Tag Archives: data

Software and Chicken Entrails

I had a collection of epiphanies today about Informational Software.

“Informational Software” is a term I use to describe software that helps you understand and make decisions about information. It is not a product and does not make your business money, but it can be used to help you understand your business and therefore, in theory, help you make money. For example, analytics software does not make you money, but you can use it to understand your traffic and hopefully to then minimize your costs and maximize your revenues. (Note that if you are selling an analytics package, this definition is still true, because in that case the software is a product, not an information tool*.)

Informational Software comes in two types: software that interprets trends and data and makes decisions for the user, and software that collects and reveals data so the user can make their own decisions. Expert systems are an example of the former, analytics packages are an example of the latter.

Let’s call this mess of data the chicken entrails. We want to read them and predict the future, right? Sure we do. That’s what chicken entrails are for.

Okay, enough definition. Here are the epiphanies:

First: If your users are untrained and the data is simple, your system can advise the user and/or make decisions for them.

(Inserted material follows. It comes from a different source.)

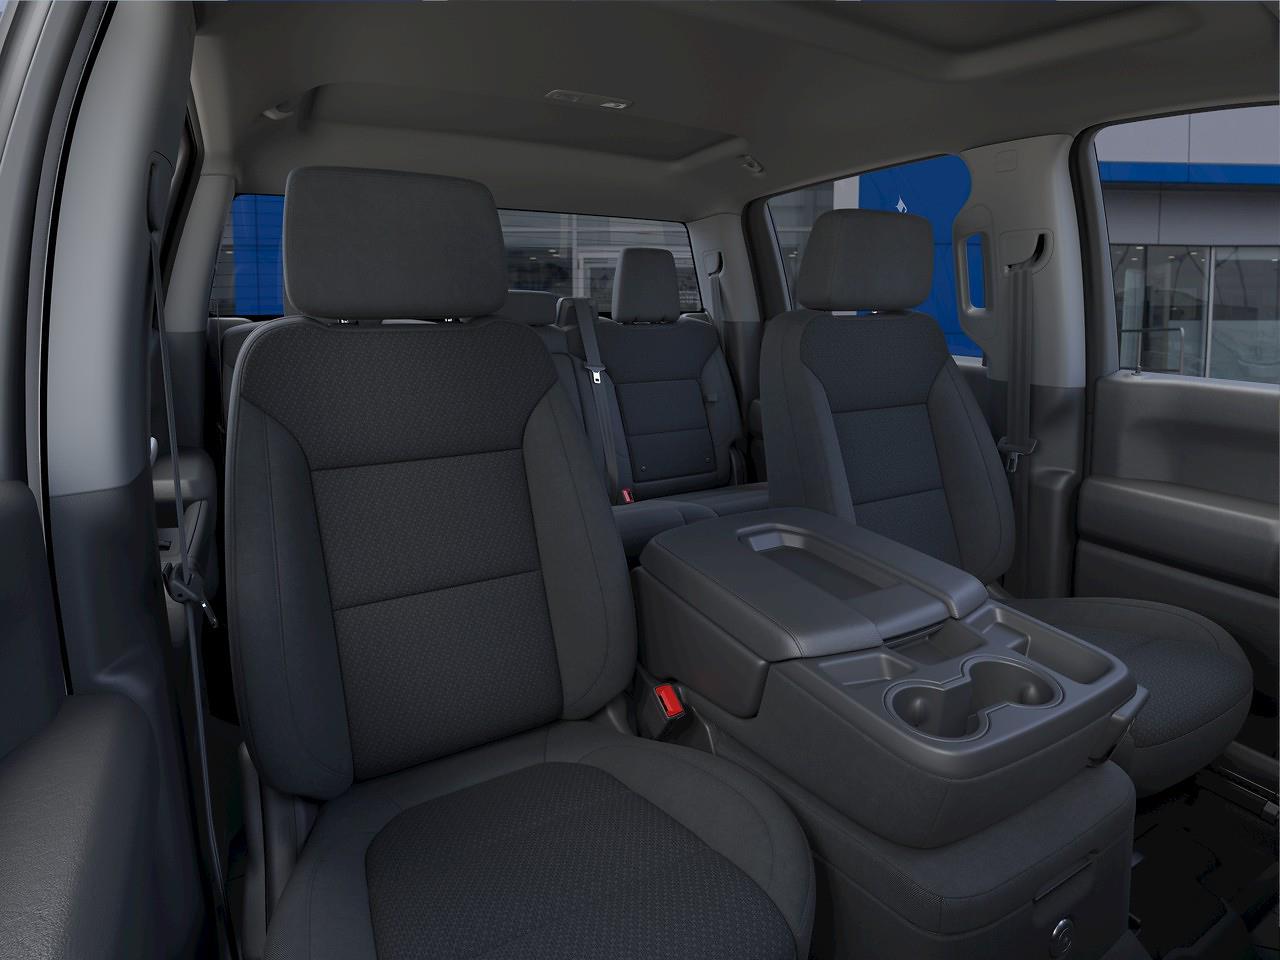 2021 Chevrolet Silverado 1500 Crew Cab 4x4, Pickup #M1314 - photo 13

If they cannot read the entrails, or the entrails are too simple to bother the entrail readers, do not let/make them read the entrails.

Second: (Pay attention, this is the important bit) If your users are highly trained and the data is very complex, do not attempt to interpret the entrails for them. Just show them the entrails. Highly trained users who have asked you for information software do not want you to do their job, they want a tool to help them do their job better.

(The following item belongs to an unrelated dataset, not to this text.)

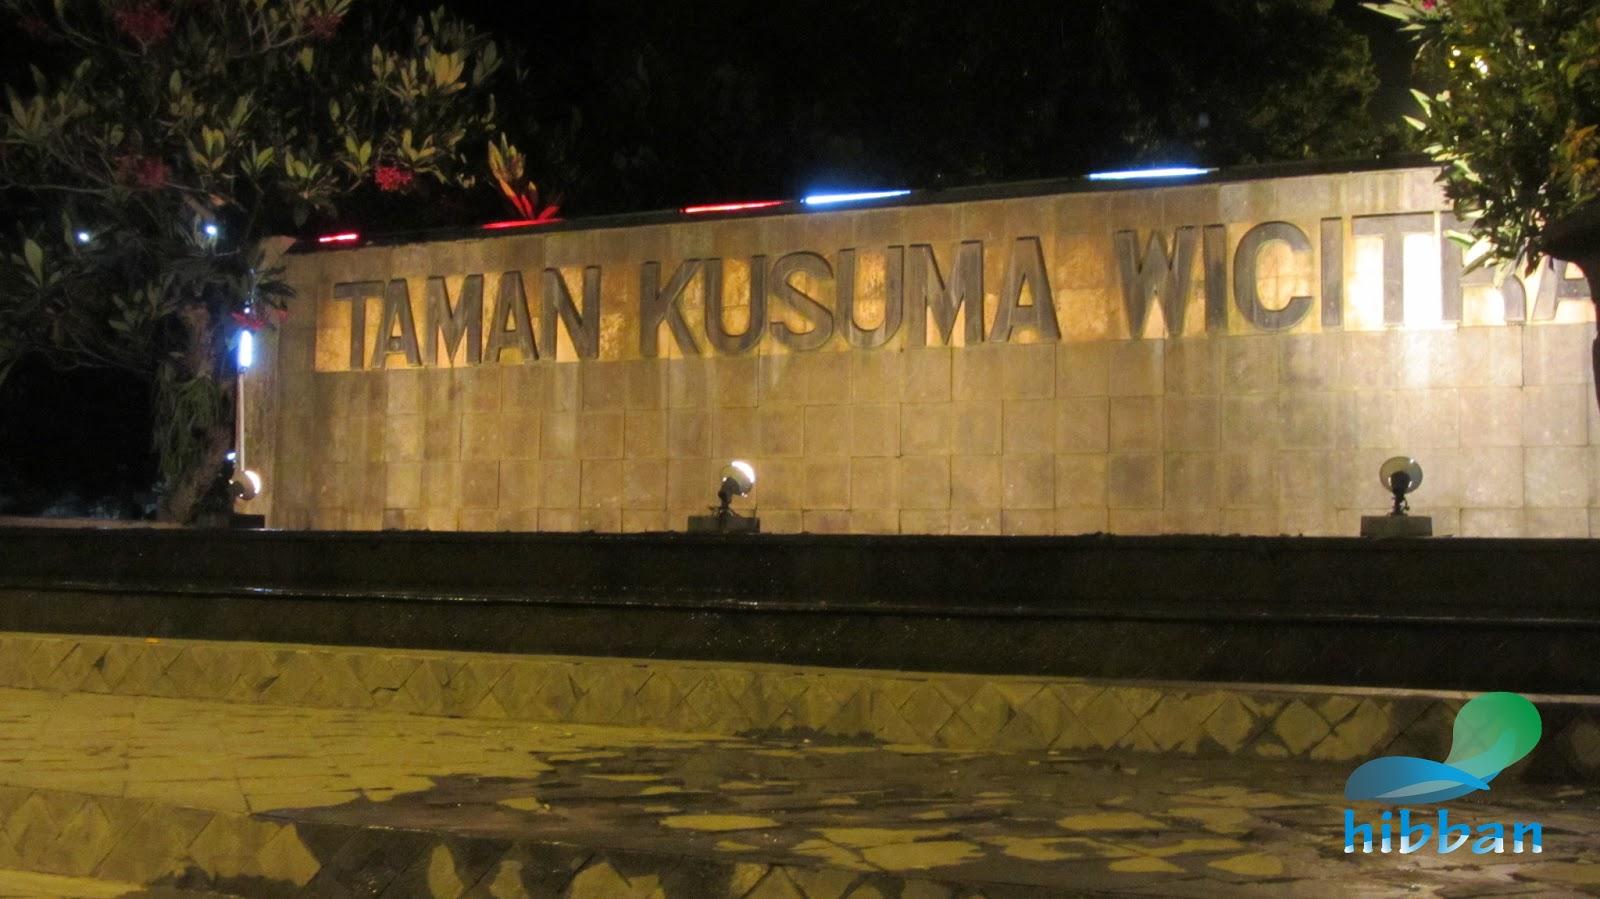 Tulungagung Indonesia  city images : ... Yahudi Simbol/Lambang Freemason di Alun alun Tulungagung, Indonesia

Third: My instinct is always write software that interprets entrails, regardless of the complexity and regardless of user knowledge. Learn to stop and figure out what it really needed.

Fourth: Interpreting complex data is really, really hard. On a small, knock-it-out project, it is almost certainly doomed to fail. Now reread the 2nd epiphany: On small, knock-em-out projects, it is completely unnecessary.

Right now I’m working on software that reveals entrails to some truly arcane masters of entrail reading. They have become masters because the information system currently available to them is literally designed to protect the data from their eyes. I have found two pieces of data, correlated them, and put them into a report, and they think I’m a super genius. Not because my software is smart, but because it is smart enough to be dumb.

I really like epiphanies where I suddenly realize that it is not necessary to be doomed to failure.

* And if you’re smart enough to reason “but what if you’re using your analytics tool to analyze the sales of your analytics tool”, I congratulate you on your cleverness. Can you also see the flaw in this reasoning?

Terrible Beauty

Recently I dumped all of the data out of one of our geographic tables in our database, and plotted a red dot for every record. This was the result:

Click the link for a larger version (1200×800).

This is an interesting graph. It appears to follow population, but there are also some patterns that follow state outlines: there are some curious voids in North Carolina and Minnesota, for example. In the west, we can almost make out highways; there’s a visible north/south track through Denver along I-25, and there’s a strong clustering down I-15 through Utah with a big blotch over Las Vegas.

Kinda neat, huh?

What you are looking at is every registered sex offender in the United States. My job is to collect and analyze that data, along with crime information.

Still neat? Sigh.

There are still some interesting patterns, however. Population centers follow the freeways in the western states. As the population density rises to the east, we lose track of individual roads; sex offenders are only absent where people cannot live. Physical barriers like coastlines and bays are clearly marked, of course; but you can also clearly see places where people merely aren’t allowed to live: the Okefenokee National Wildlife Refuge in Florida, the Allegheny and Susquehannock National Forests in Pennsylvania, and the cluster of tiny national parks all throughout upstate New York.

I am most interested, however, in North Carolina and Minnesota. Why are they so obviously underrepresented here? Are people just less likely to offend sexually in those states? Possibly; I am too cynical to believe that people in those states behave differently than in the other 48, but it could be that NC and MN convict sex offenders less often, or they could simply have less strict sex offender laws.

Ah, but see how trusting you are of my little dots? It could be that the NC and MN sex offender registry systems are just harder to get data from. While I haven’t worked with those states directly, I have worked on the code that aggregates this data, and I can tell you that no two states provide data the same way. Some states are sensible and reliable, while others are such a headbashing nightmare—Alaska, I am looking at you here—that you wonder if their IT department had to make do with wild monkeys because the trained ones were too expensive.

Here’s a really good possibility: Some states track sex offenders at different levels, and sex offenders under a certain level are tracked inside the state but not published to national registries. It could be that those two states have just as many RSO’s per capita, but they do not report misdemeanor offenses outside the state.

Or, who knows. It really could be that in North Carolina people are too nice—and in Minnesota it’s just too cold—for that sort of thing.

Note: some of the dots lie outside the US. This is not always a mistake. Sex offenders are required to keep their address registered even if they move outside the USA. There are a few thousand US sex offenders scattered across the globe—including one at the South Pole.